A New Perspective

Tags: Jerusalem, Jewish Identity, Memory

By Ricki Meyer

I had just fallen asleep on the bus ride from the Dead Sea to Jerusalem. It may have been twenty minutes or two, I’m not sure. I heard the song Yerushalayim Shel Zahav and couldn’t tell if it was in my dream or not. I quickly opened my eyes, just in time to see the bus taking a corner, with the great gold dome off in the distance, and the song was indeed playing. It was a sight and feeling unlike any other, something that quickly made me remember how fortunate I was to be in Israel for my fourth trip, each of which has been remarkably different though some of the sights have been the same.

This one, in particular, added a new perspective because it was my first time staffing a Birthright trip, meaning I was in the position to share my passion for and interest in Israel with 39 Americans aged 22-26, most of whom had never stepped foot in Israel (and for a few this was their first trip outside the United States) before, and 7 Israelis.
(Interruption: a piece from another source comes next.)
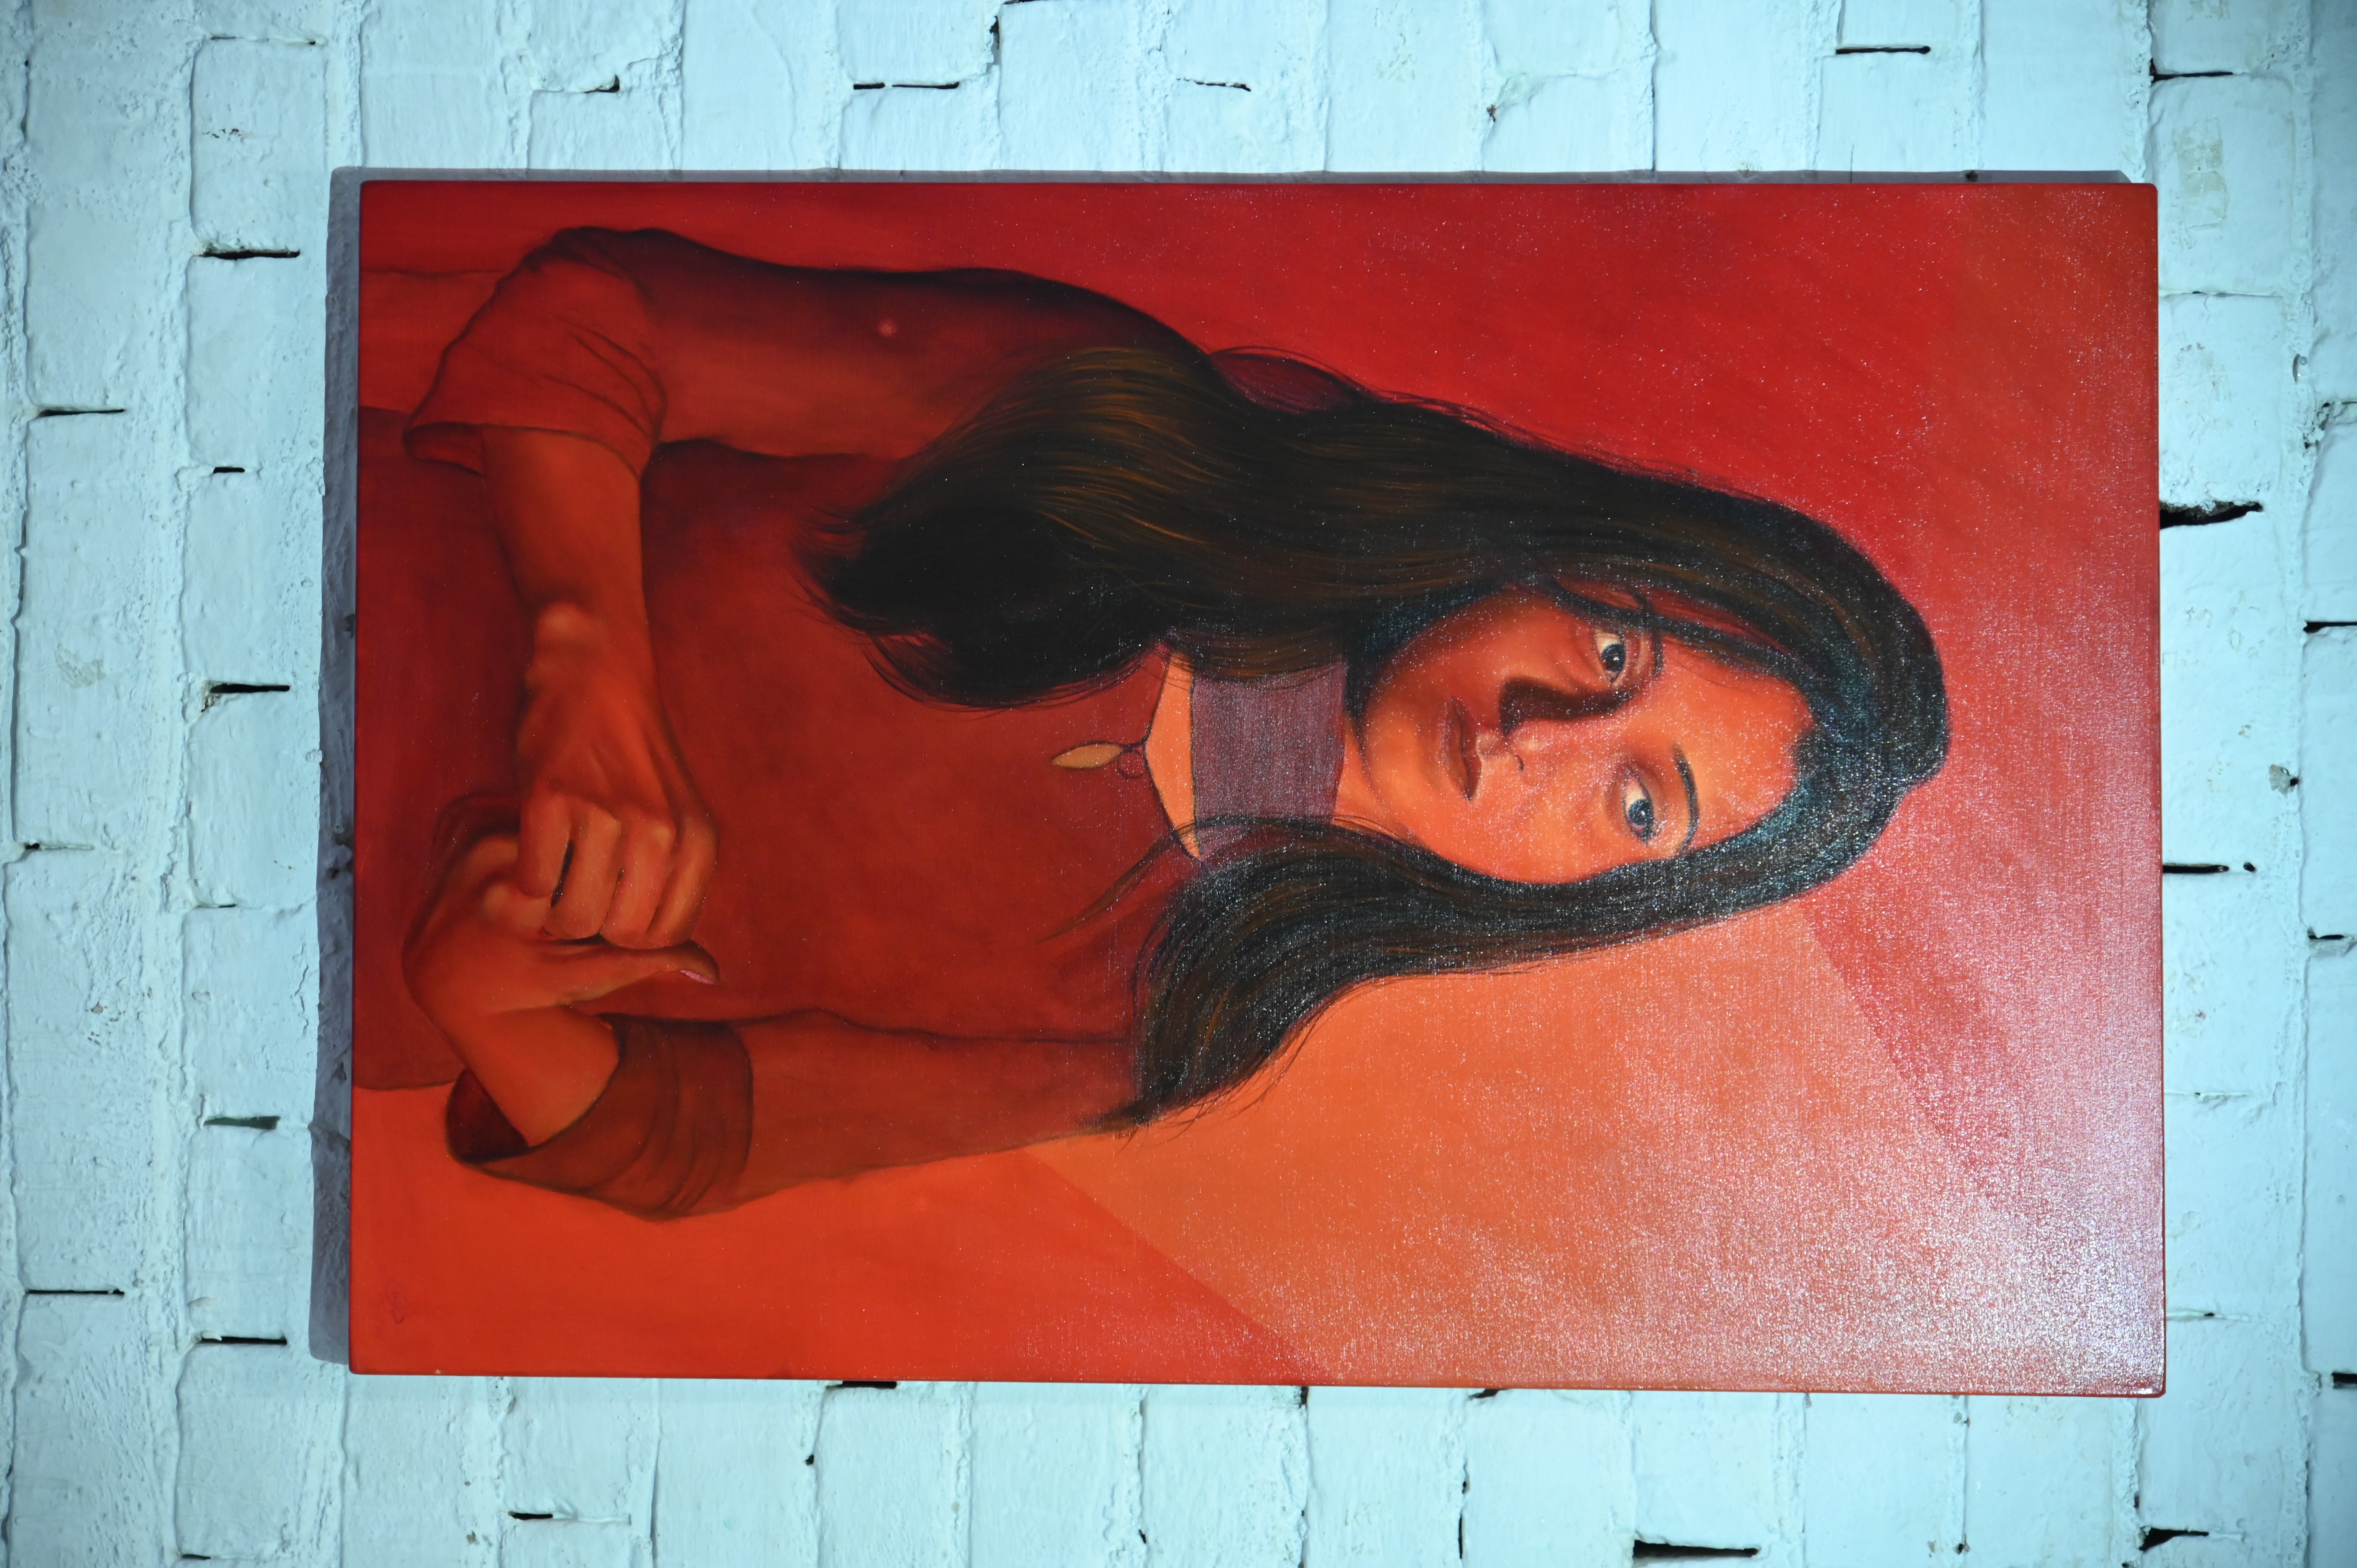 A beautiful painting of a young girl displayed at an Art Exhibition by Hussain Jamil at PNCA

This role, in my mind, has been one of the most important and significant I could take on as an active member of the Jewish community.

Since my first trip to Israel, as a Birthright participant four years to the day of this most recent trip, I have been reinvigorated with a sense of Jewish pride and activism, finding my own ways to pursue Tikkun Olam amidst work, graduate school, and everything else life seems to throw our way.

I remember returning home from that first trip, thinking how critical the Birthright staff is or should be in shaping someone’s first view of an entire country, people, and society. I knew it was something I wanted to do; it was just a matter of when.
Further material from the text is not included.